Once again, Charlie leans on his friends for support. When the acid trip doesn't seem to end and his world continues to spin, Charlie goes to Sam and Patrick for help. After they comfort him and talk him down, Charlie slowly starts to feel better. This shows that his friends are healers and comforters who can help him recover from lapses in sanity. Their importance to Charlie's health continues to be reinforced as the novel continues.
The aid provided by Sam and Patrick is juxtaposed against Charlie's inability to fit in with his own family. As he moves from room to room, trying to spend time with a family member, he discovers that his loved ones cannot be bothered with him; all of them ask him to leave or go with someone else. While it's easy for him to find his place with his friends, he struggles to find a niche within his family. The absence of his friends over winter break only exacerbates these feelings of alienation.
In terms of romance, Charlie is asked to the Sadie Hawkins dance by Mary Elizabeth. This is the first time that Charlie is presented with a potential sexual experience (beyond fantasies and masturbation), yet his position as a "wallflower" is only reinforced in this relationship, since Mary Elizabeth loves to talk and doesn't need much of an impetus to go on a tangent. In the beginning, this is a comfortable relationship for Charlie because he is not forced to speak up or offer his own opinions . He can just sit back, observe and listen.

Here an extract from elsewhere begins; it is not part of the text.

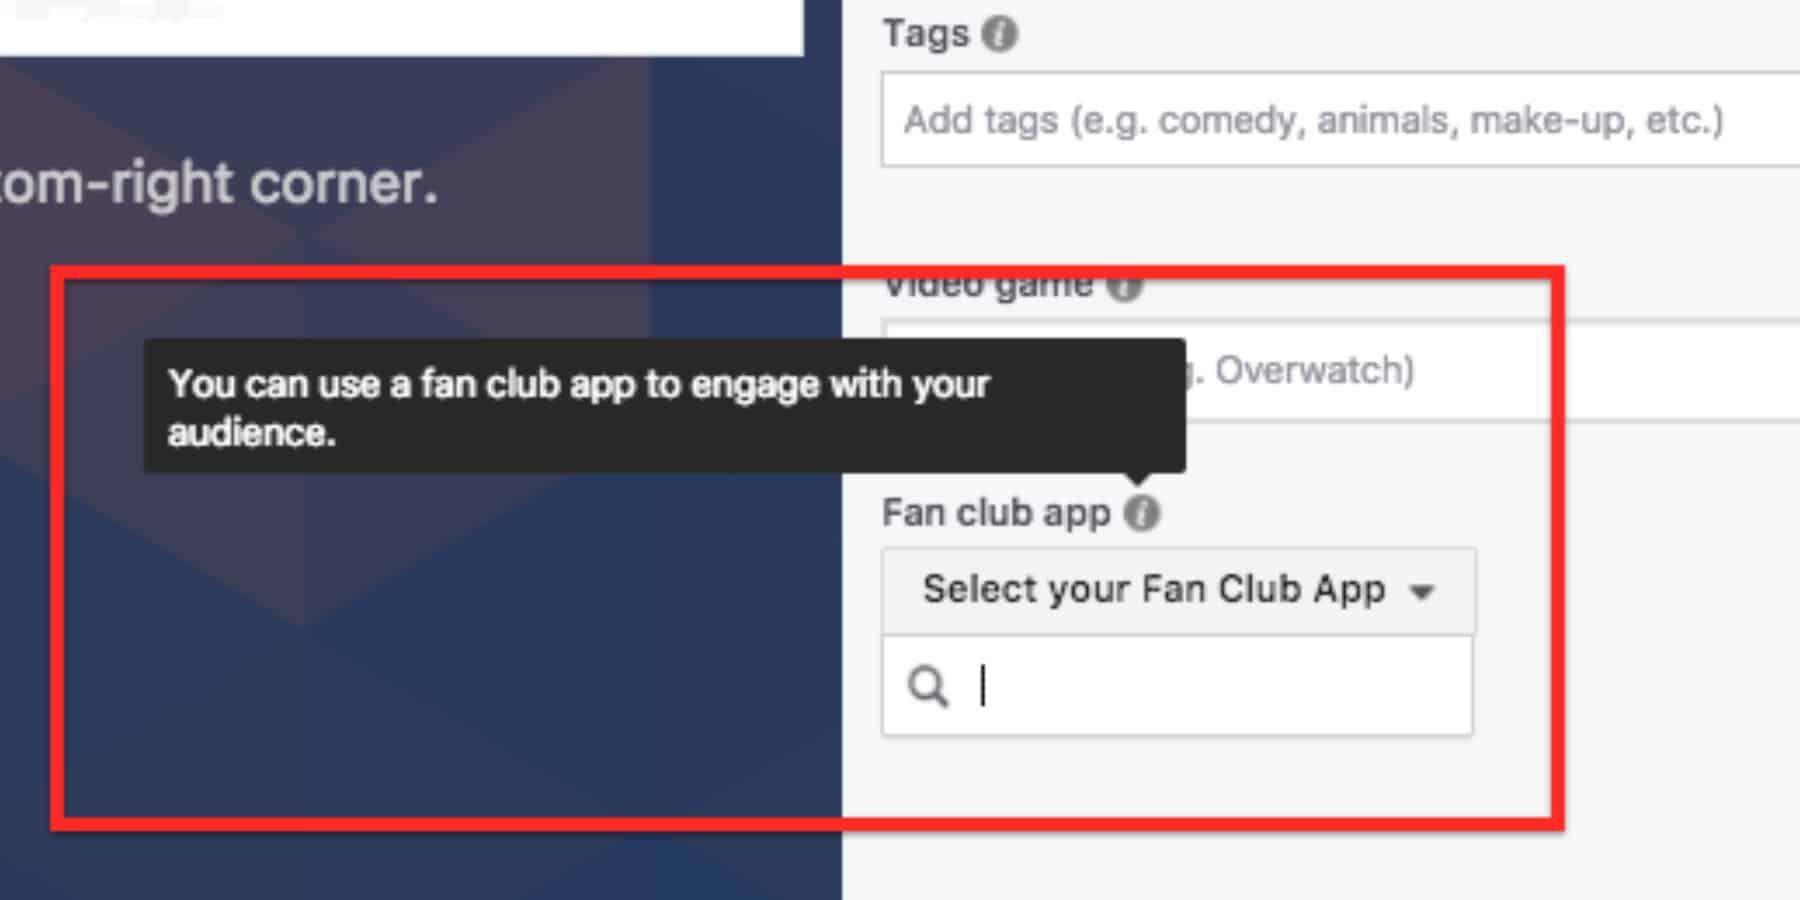 Fan Club App

Ironically, Charlie's relationship with Mary Elizabeth reveals more about Charlie's feelings for Sam. Even though he claims that his love is mature and deep, he immaturely hopes that Sam will be jealous of his new relationship. Sam, however, is not, and instead she gives Charlie an abundance of advice about dating Mary Elizabeth. Charlie adjusts his expectations and his conception of Sam, and he is now very happy to just be able to spend time with her, in any capacity.